Run 6: Now use SuperLU_DIST, with Metis(A’+A) ordering, using 16 MPI tasks, on a larger problem.

By adding --refine 2, each element in the mesh is subdivided twice yielding a 16x larger problem. Here, we’ll run on 16 tasks and just grep the output form some key values of interest.

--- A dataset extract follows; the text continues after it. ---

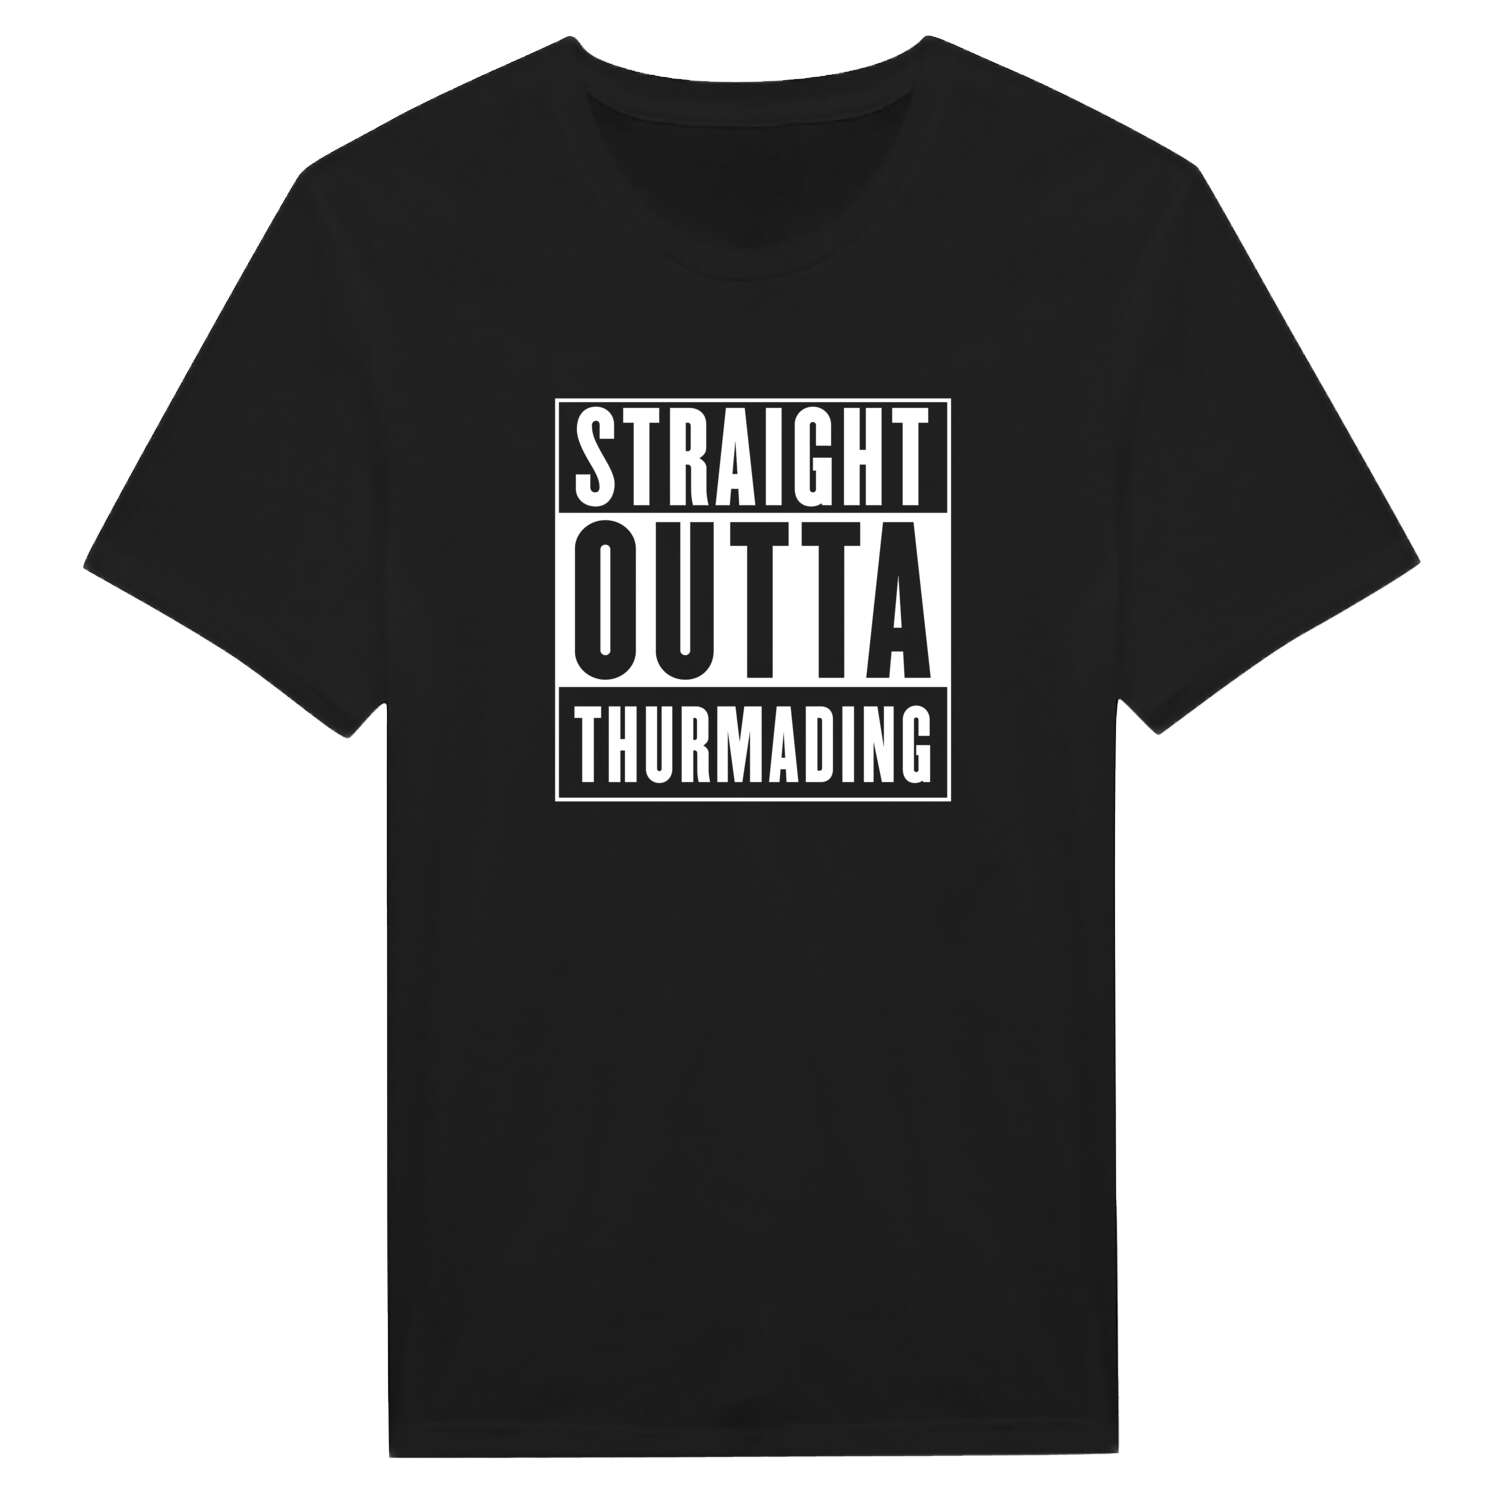 Thurmading T-Shirt »Straight Outta«

$ ${MPIEXEC_OMPI} -n 16 ./convdiff --refine 2 --velocity 1000 -slu --slu-colperm 4 >& junk.out
$ grep 'Time required for solver:' junk.out 
Time required for solver:  10.3593 (s)
Time required for solver:  16.3567 (s)
Time required for solver:  11.6391 (s)
Time required for solver:  10.669 (s)
Time required for solver:  10.0605 (s)
Time required for solver:  10.1216 (s)
Time required for solver:  20.0721 (s)
Time required for solver:  10.6205 (s)
Time required for solver:  13.8445 (s)
Time required for solver:  11.8943 (s)
Time required for solver:  16.1552 (s)
Time required for solver:  13.0849 (s)
Time required for solver:  14.0008 (s)
Time required for solver:  13.238 (s)
Time required for solver:  12.387 (s)
Time required for solver:  9.81836 (s)
$ grep 'Final L2 norm of residual:' junk.out
Final L2 norm of residual: 3.06951e-18
Final L2 norm of residual: 3.06951e-18
Final L2 norm of residual: 3.06951e-18
Final L2 norm of residual: 3.06951e-18
Final L2 norm of residual: 3.06951e-18
Final L2 norm of residual: 3.06951e-18
Final L2 norm of residual: 3.06951e-18
Final L2 norm of residual: 3.06951e-18
Final L2 norm of residual: 3.06951e-18
Final L2 norm of residual: 3.06951e-18
Final L2 norm of residual: 3.06951e-18
Final L2 norm of residual: 3.06951e-18
Final L2 norm of residual: 3.06951e-18
Final L2 norm of residual: 3.06951e-18
Final L2 norm of residual: 3.06951e-18
Final L2 norm of residual: 3.06951e-18

Can you explain the processor times relative to the previous, single processor run?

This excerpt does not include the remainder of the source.